→ **Collected material**
=== Section Start ===

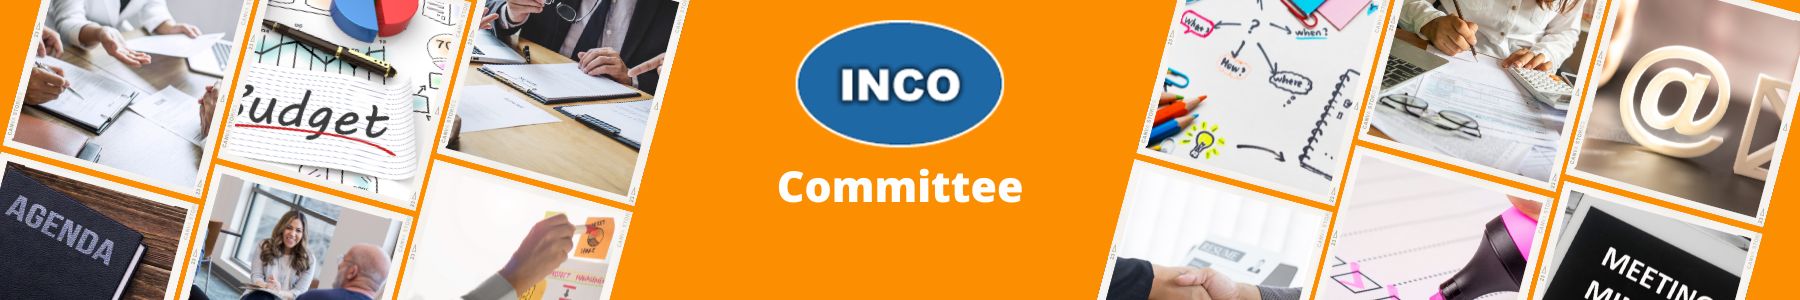 INCO Committee
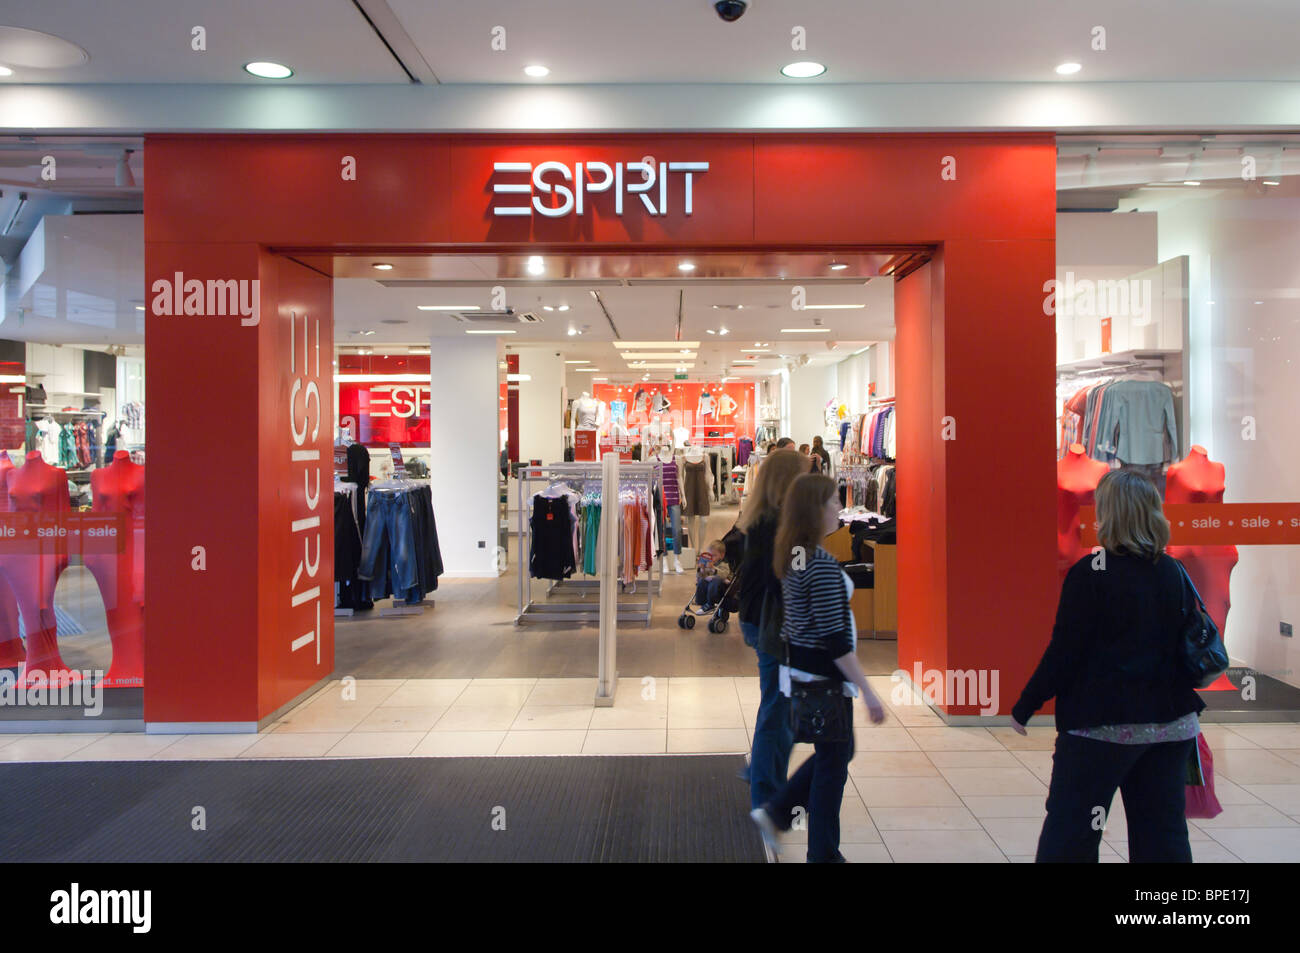 Esprit Shop High Resolution Stock Photography and Images - Alamy
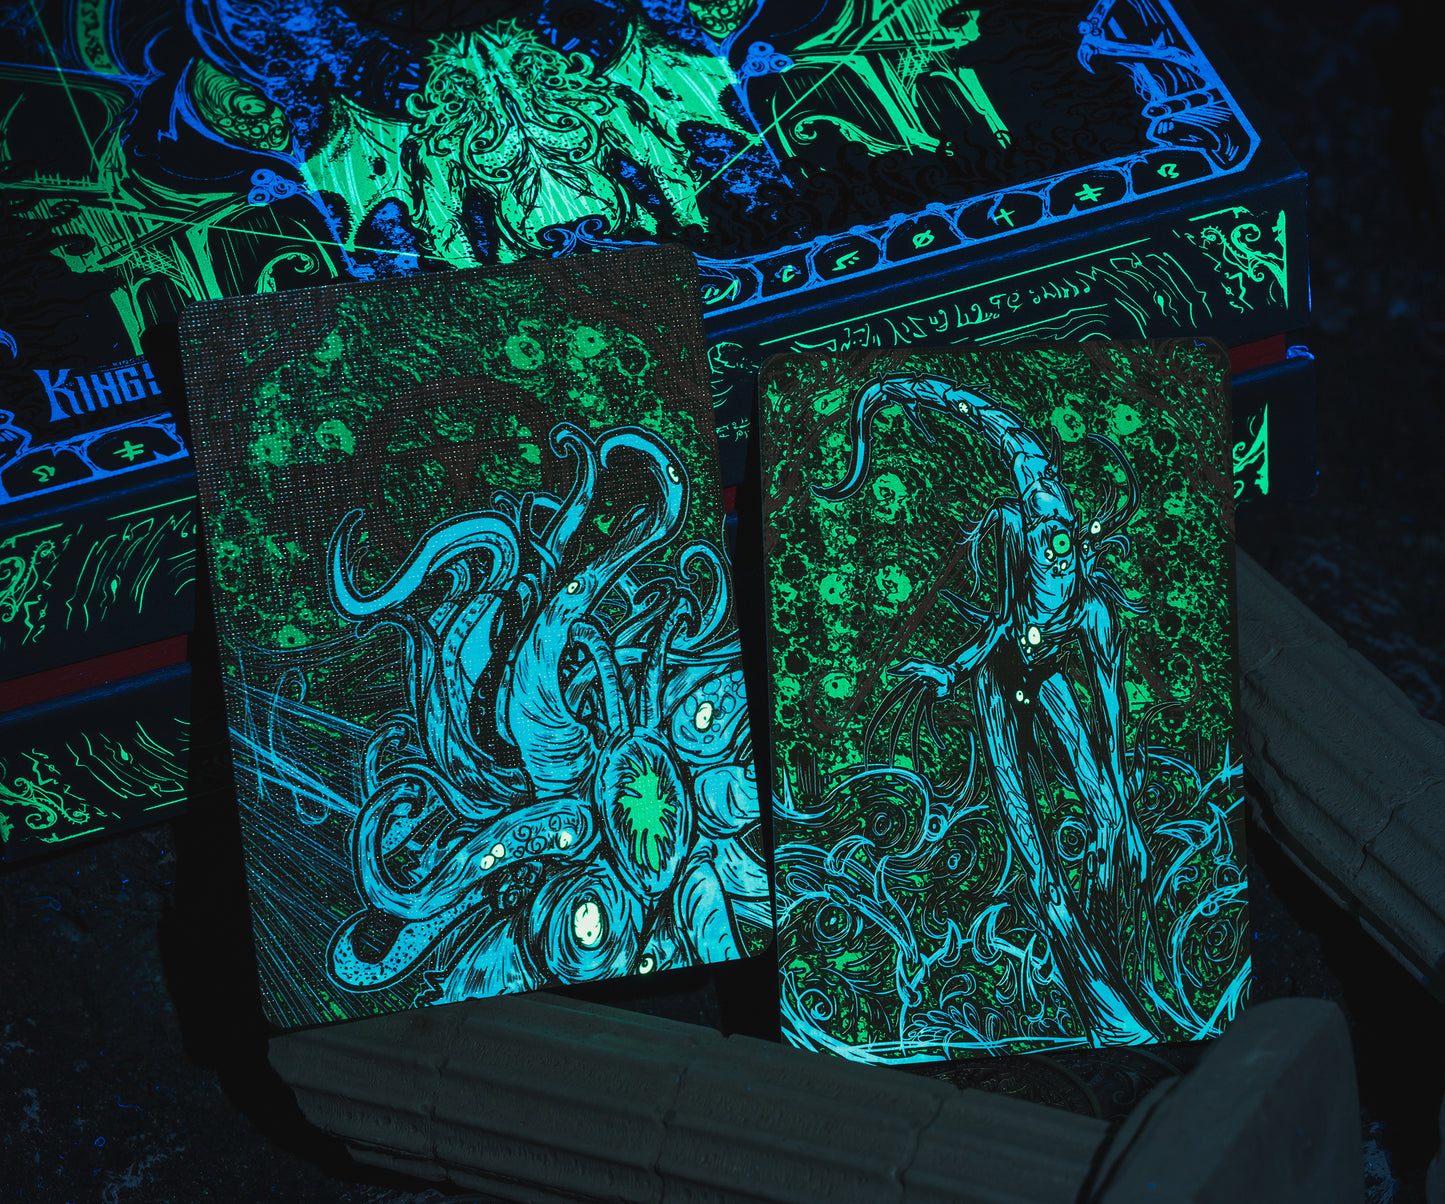 Curse of Chaos Cthulhu Mythos Playing Cards

=== Section End ===

→ **Exercise brief**
Please print all the lines above exactly as given and leave out every picture.

→ **Written solution**
 INCO Committee
 Esprit Shop High Resolution Stock Photography and Images - Alamy
 Curse of Chaos Cthulhu Mythos Playing Cards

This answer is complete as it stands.